Même si je suis personnellement parti du conflit israélo-palestinien, le film s’oriente vers une réflexion universelle. Et, pour moi, le cinéma a une mission civique. C’est ce que j’essaie d’apporter à ma cinématographie. Nous vivons dans un monde où le dialogue est devenu de plus en plus compliqué et rare, ce qui favorise les positions extrêmes, comme on le voit aussi dans de nombreuses parties du monde. J’aimerais pour ma part construire des ponts au lieu de les brûler. Nous, les réalisateurs, mais aussi tous les artistes en général, nous ne devons pas, je crois, nous résigner aux divisions. À la veille du 7 octobre, je savais que nous étions dans une situation explosive en Israël, mais cette prise de conscience n’a pas amorti le traumatisme pour quelqu’un comme moi, qui essaie depuis longtemps de faire parler les Israéliens et les Palestiniens à travers l’art, les films et les œuvres théâtrales. Dans l’Antiquité, le rôle traditionnel des artistes était d’être des guérisseurs. De guérir les âmes. J’aimerais adopter l’idée que le cinéaste ou l’artiste est un guérisseur. 

Mon grand-père Eliahou, un socialiste juif radical d’origine russe, m’a donné mon prénom, Amos, en hommage au Livre d’Amos, dans l’Ancien Testament : « C’est parce que vous avez foulé le misérable, et que vous avez pris de lui du blé en présent. Vous avez bâti des maisons en pierres de taille, mais vous ne les habiterez pas. Vous avez planté d’excellentes vignes, mais vous n’en boirez pas le vin. Car, je le sais, vos crimes sont nombreux, vos péchés se sont multipliés. Vous opprimez le juste, vous recevez des présents. Et vous violez à la porte le droit des indigents. Car c’est un temps de malheur. Recherchez le bien et non le mal, afin que vous viviez » (Amos 5, 11-14).

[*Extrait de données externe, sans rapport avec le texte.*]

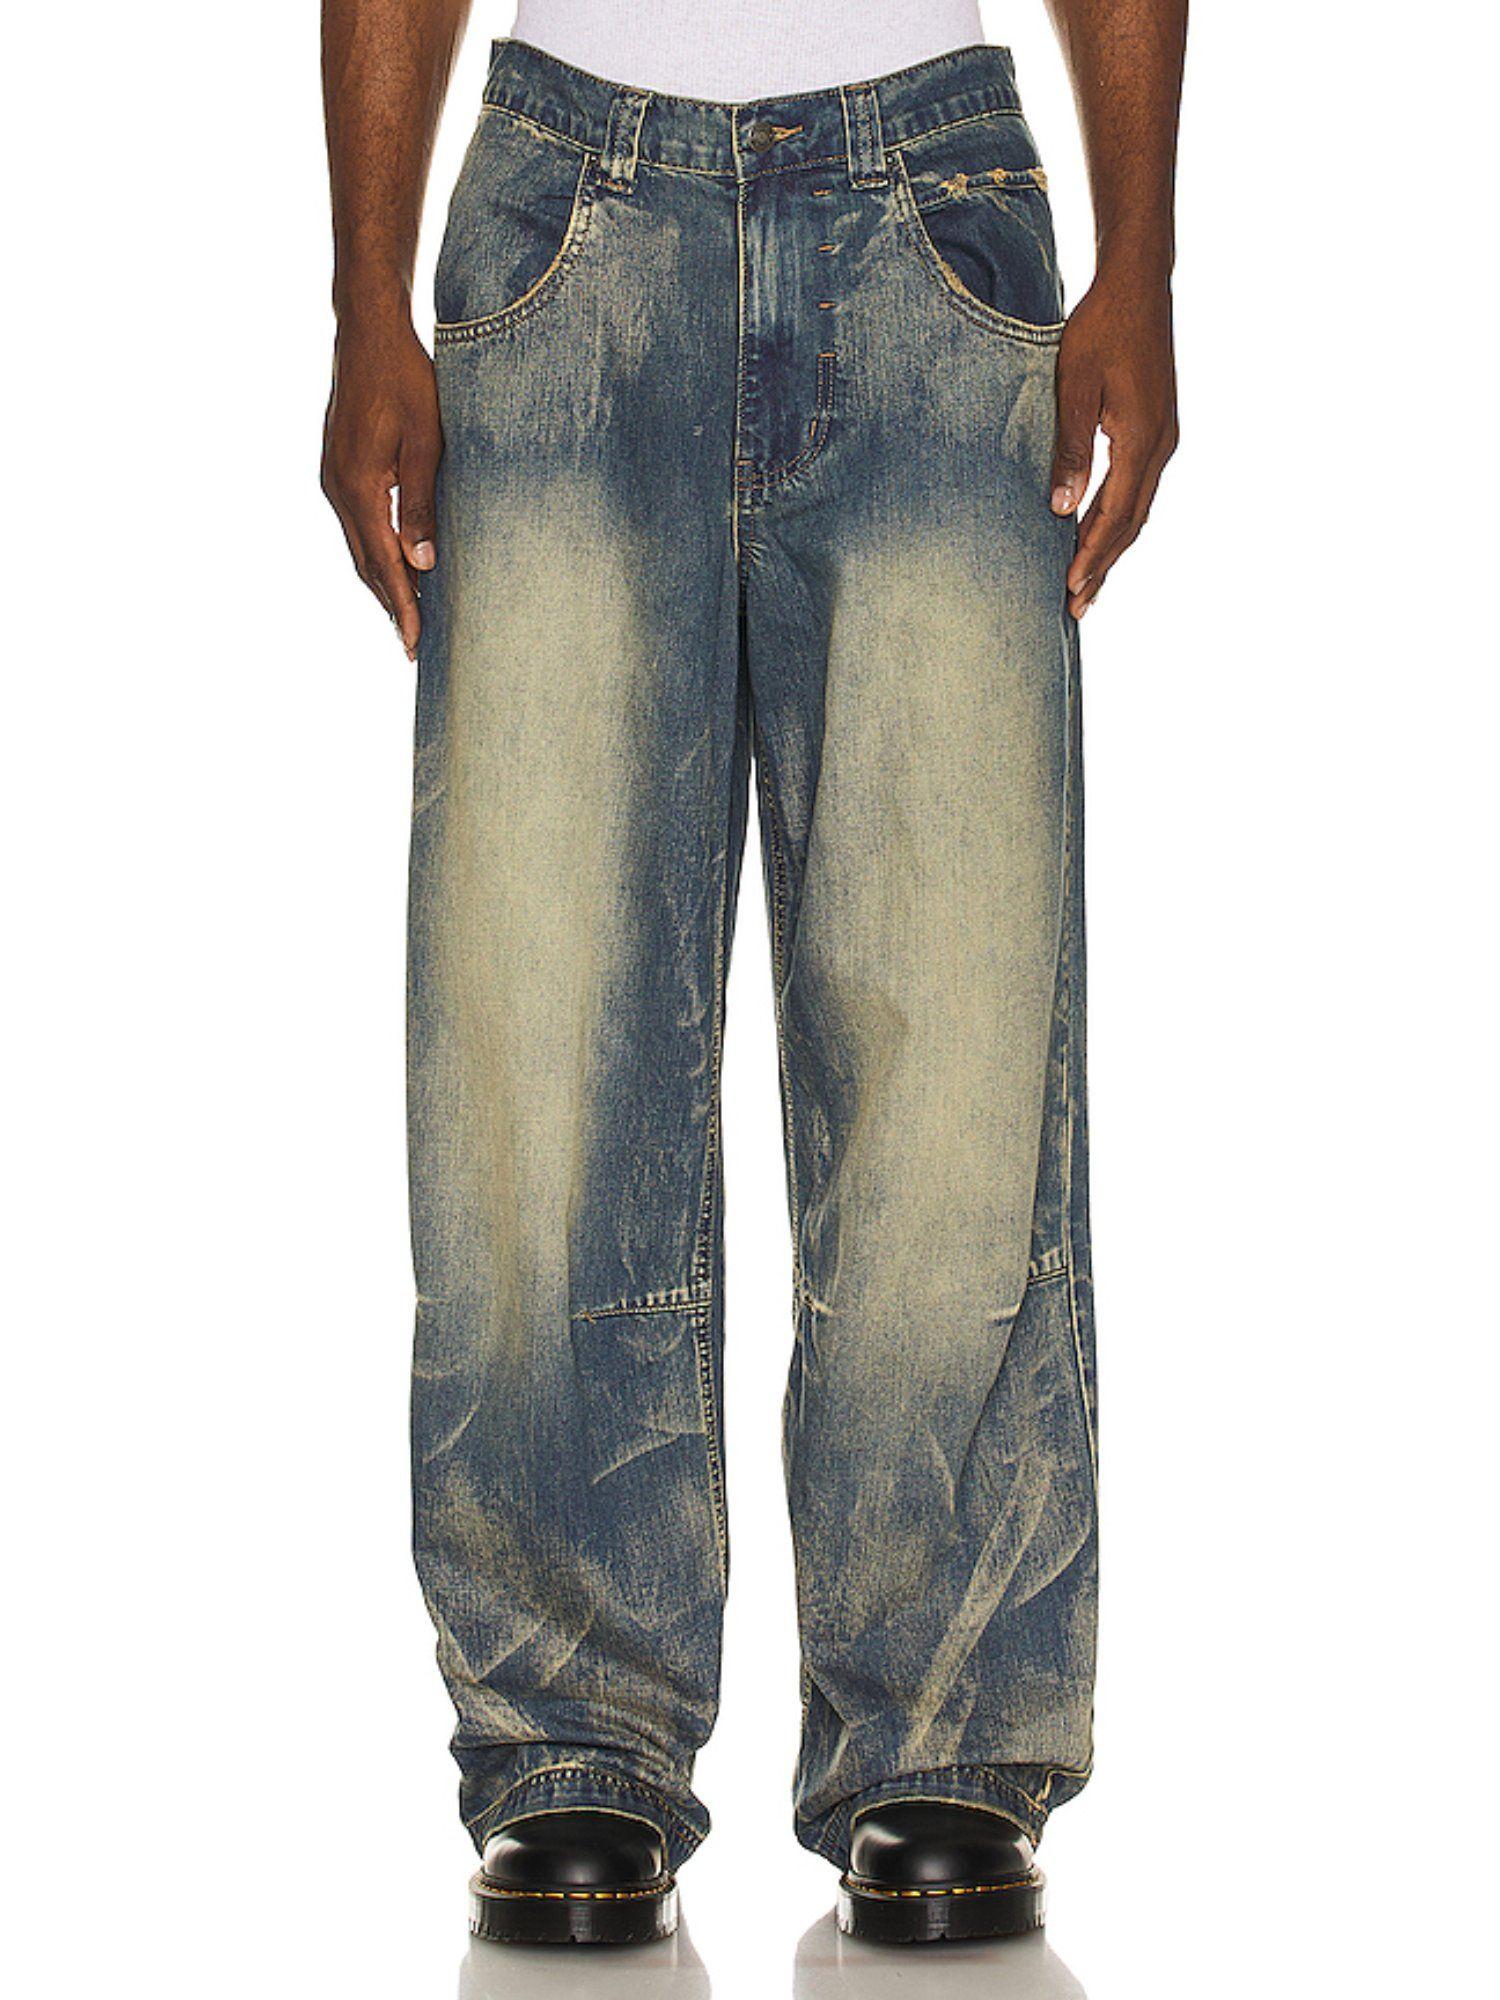 Wing Print Studded Lowrise Colossus Jeans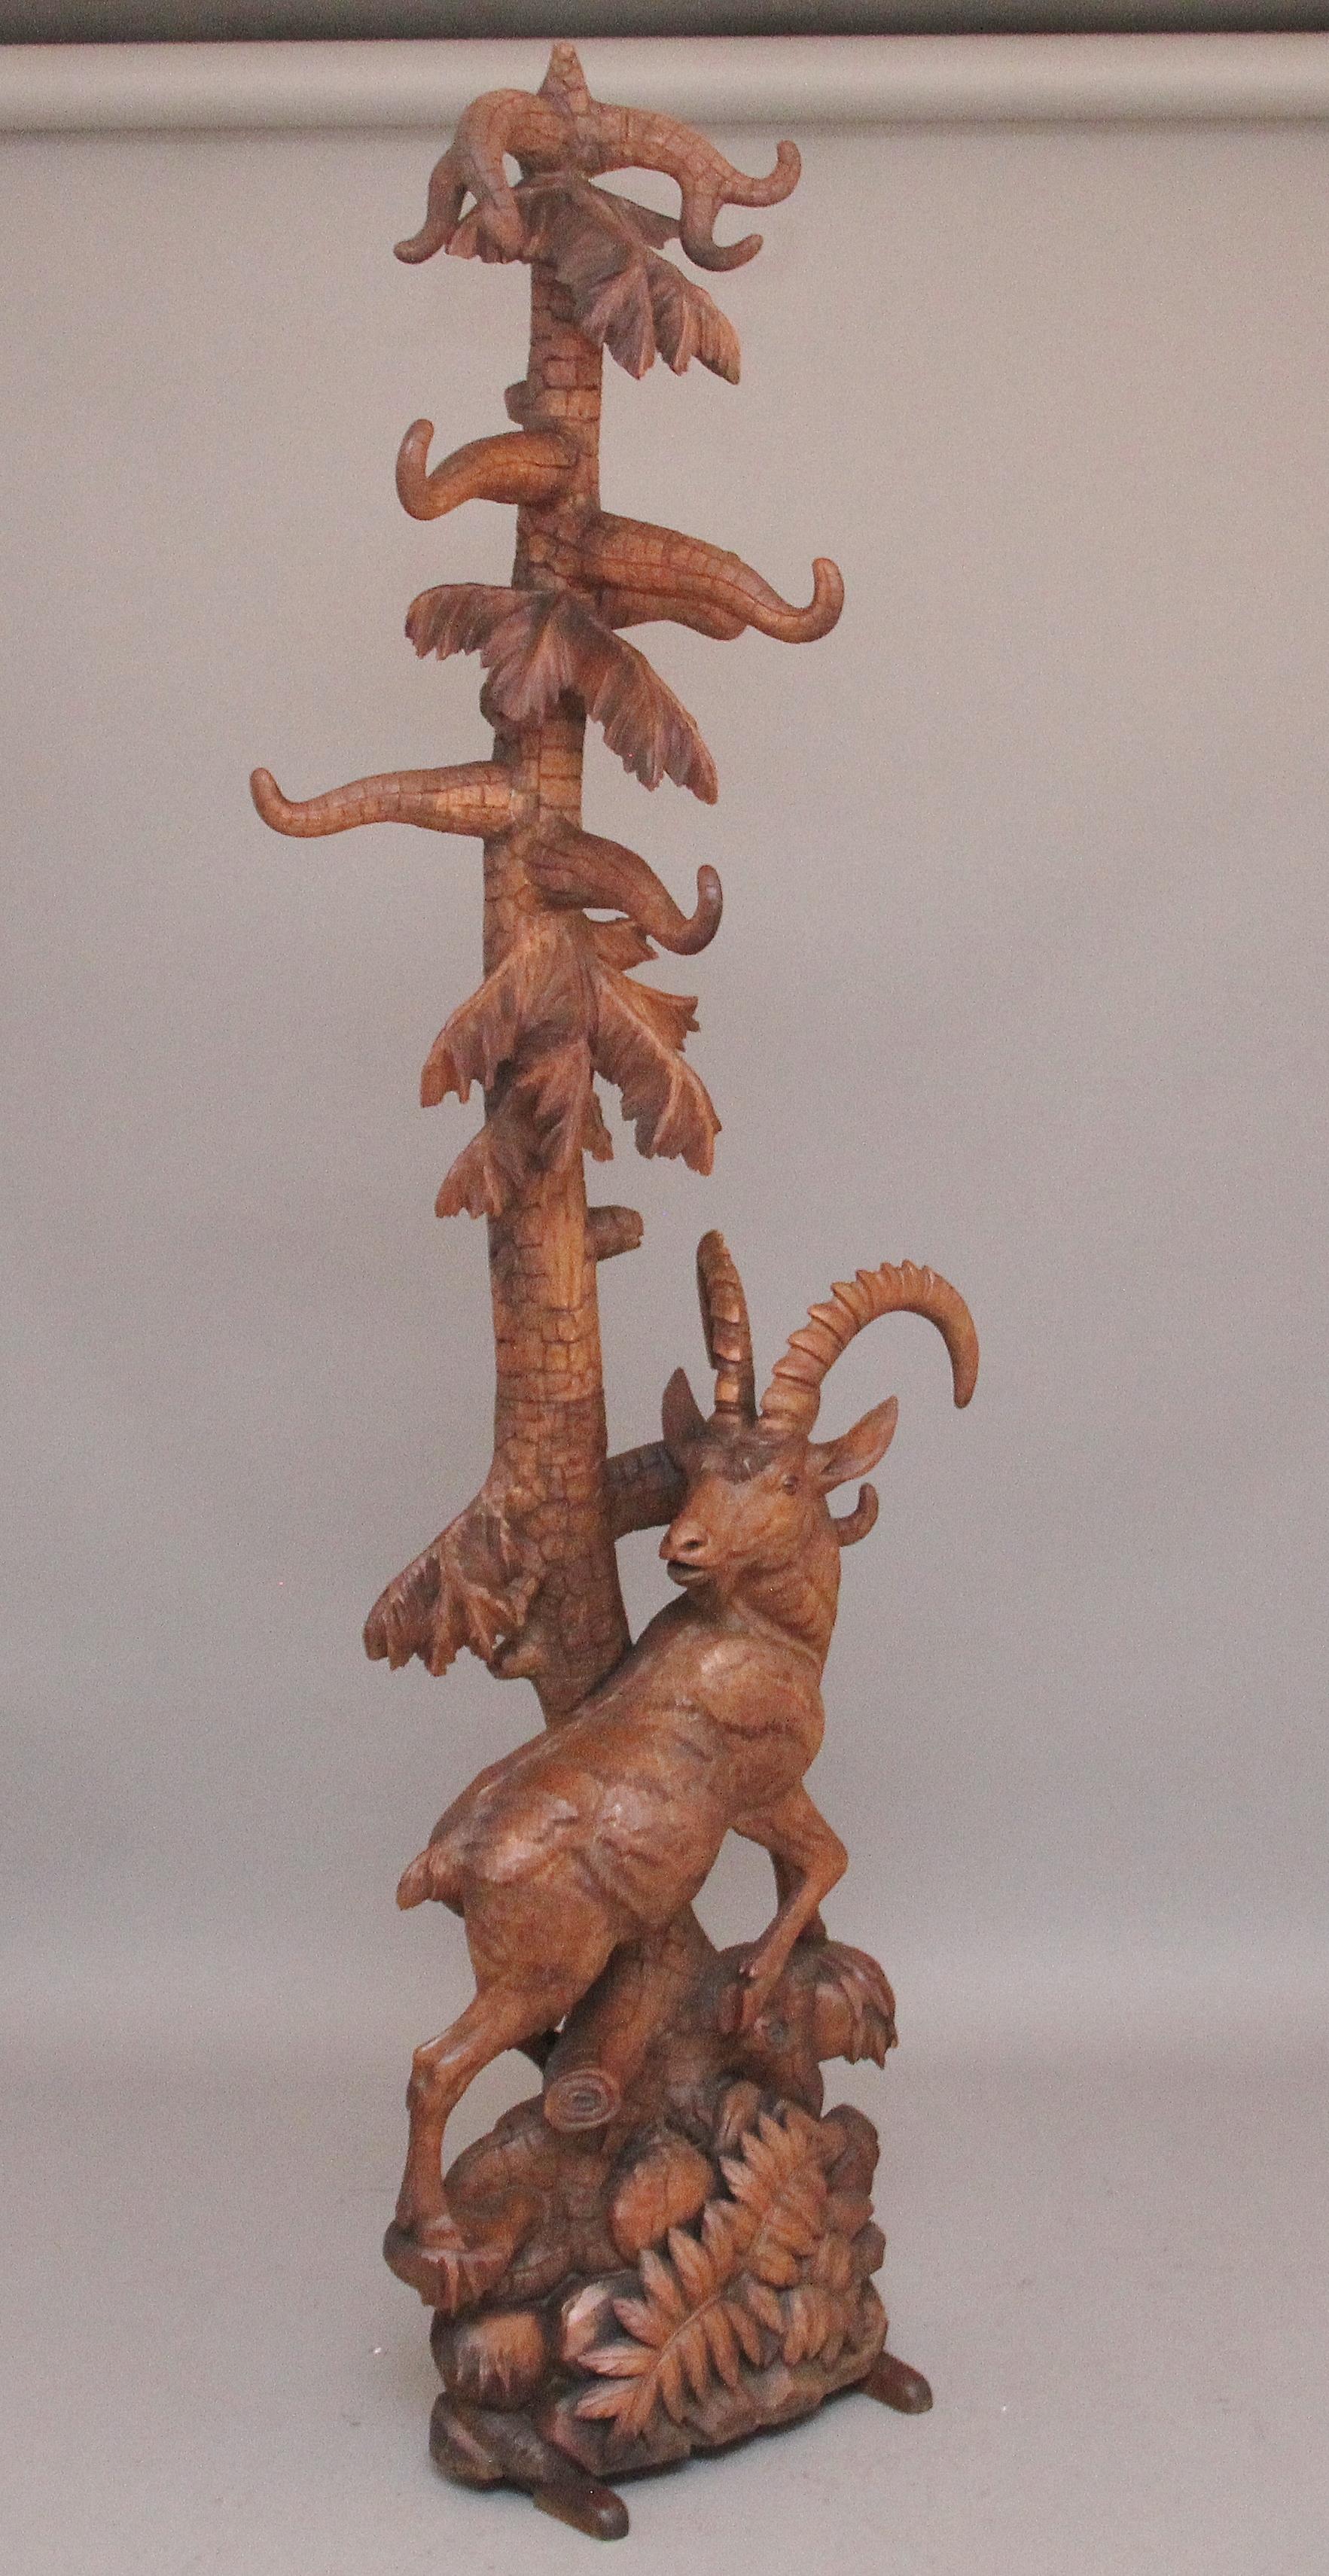 Superb quality Large 19th century black forest hall stand of an ibex amongst a tree and foliage, the tree having various branches and leaves, made of walnut the the construction is very sturdy and the branches are more than strong enough to

Les atrocités barbares perpétrées par le Hamas le 7 octobre sont impardonnables. Il n’y a aucune raison de violer des femmes, de brûler des gens vivants. Rien ne peut justifier de tels crimes, pas même un mouvement de libération nationale. Je ne conseillerais pas à mes amis palestiniens de vivre sous le régime du Hamas, sans droits pour les femmes, pour les LGBT ou pour les chrétiens d’Orient. Le cycle morbide actuel donne envie de pleurer.

Aujourd’hui, un rituel terrifiant s’est mis en place, avec des bombardements, le gaspillage de vies humaines et de toutes les ressources de cette région, pour un conflit militaire, encore et encore. Et l’immense tragédie pour les civils palestiniens de Gaza. Le gouvernement israélien actuel de Netanyahou et ses alliés d’extrême droite et ultraorthodoxes pensent que le conflit peut être résolu par la force. Mais il n’y aura jamais de solution permanente sans un dialogue approfondi prenant en compte les droits légitimes des deux parties. 

Traduction par Sylvain cypel

* J’ai pris la traduction des Éditions Sinaï. Il y en a tant, il fallait bien en choisir une (N.d.l.a.).